The second book to be removed from the Montera Junior High School library was The Dream Dictionary: A Dictionary of Dreams. It was, as the name suggests, a guide for decoding the various signs and symbols from your dreams, but with a special emphasis on the dreamer being gay. Naked in public? Gay. Missed a test? Gay. Was there water in your dream? Gay. Did a little girl say something to you in your dream? Gay. Were there stairs? Gay. Were you having sex with that girl from your pre-algebra class while Mrs. McCabe ran around the room setting everything on fire? Gay. And weird. Of course none of us really knew what gay was, except that it had something to do with the reason we all covered our dicks with our hands when we walked past Mr. Miller in the locker room, and why we all kind of snickered whenever Mr. Black referred to his "wife."
And so it was, that The Dream Dictionary: A Dictionary of Dreams (I swear to god that was the title) caused a number or problems for students and teachers alike, and I was in the library when the decision was made by the librarian, who seemed genuinely upset at the prospect, to remove it from the shelves. Unfortunately it wasn't where it was supposed to have been, so she asked me to help her look for it. I dug through a pile of returned books while she looked through the stacks. I found it and, after debating it for a few minutes, dutifully turned it in. She thanked me, put it on her desk, and went about her business. I wondered what was to become of it, and left.
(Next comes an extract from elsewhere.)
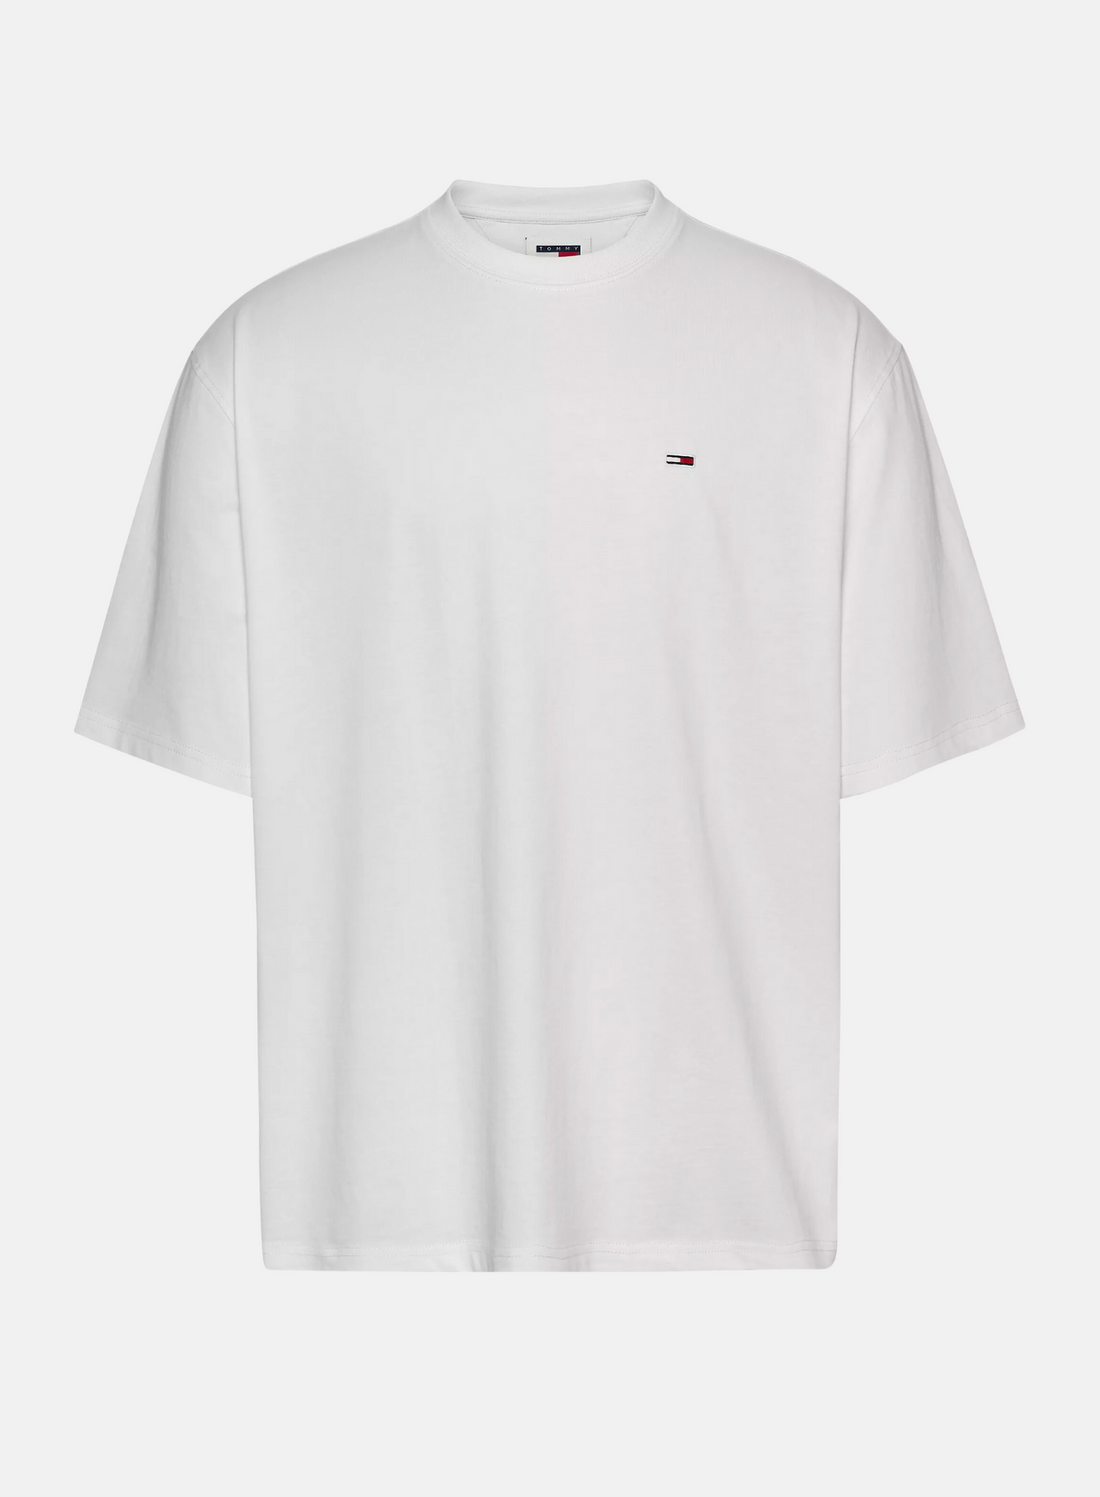 Tommy Jeans Classic Oversized Solid Tee White - Hympala Store

Word soon spread that the book had disappeared, to the chagrin of the bullies and the relief of the bullied. The prevailing opinion was that it had been stolen, probably by some rules-flaunting badass, and I was hesitant to reveal my role in what was the decidedly non-badass truth -- less out of shame in being a tool of literary censorship than in ruining the fun. A couple of days later I was back in the library and saw the book sitting unattended on the librarian's desk. I stole it, along with a book on how to make sound effects with your mouth, written by that one guy who wasn't Michael Winslow. It was the first time I'd ever stolen something. I felt horrible.
The idea was to use the book (the former, not the latter) as leverage to boost my cred, but I made the mistake of letting my friend Robert McKnight borrow it. The next day I saw him in the hallway at school, holding the book and bragging to a bunch of people that he'd been the one who'd stolen it. And so it goes.
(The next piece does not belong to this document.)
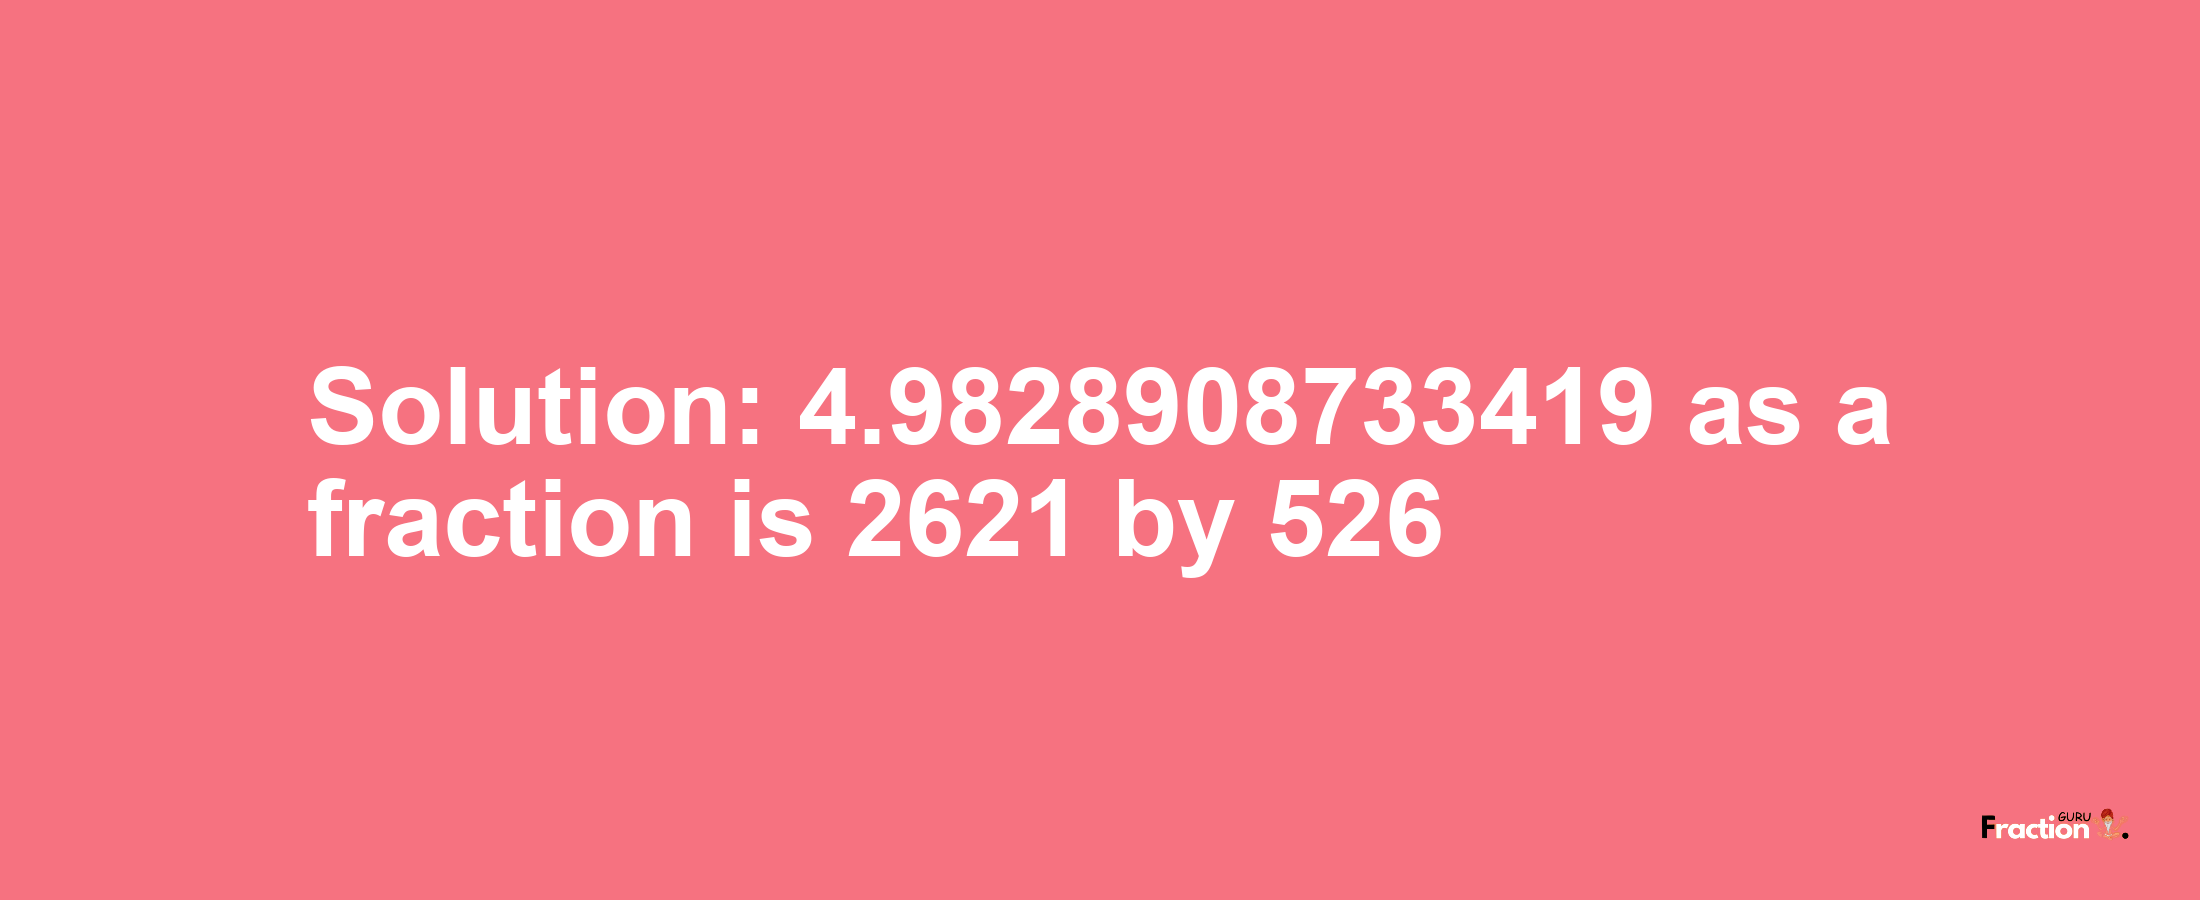 Solution:4.9828908733419 as a fraction is 2621/526

Eventually the novelty of the book wore off, replaced by pages ripped from Playboy and Penthouse and decidedly seedier fare, but from time to time I've thought back on it and decided that it must have been some sort of elaborate joke -- like those gag books that say "All I Know About Women" on the cover and are filled with blank pages. Still, every once in a while I'll wake up from a particularly confounding dream and wonder to myself, what would The Dream Dictionary: A Dictionary of Dreams say about that one? You know what? I think I already know.
Then there are dreams that are so obvious, so head-slapping blatant that, to paraphrase my friend Joe, you wake up kind of mad at yourself. Late for football practice, naked in public, that sort of thing.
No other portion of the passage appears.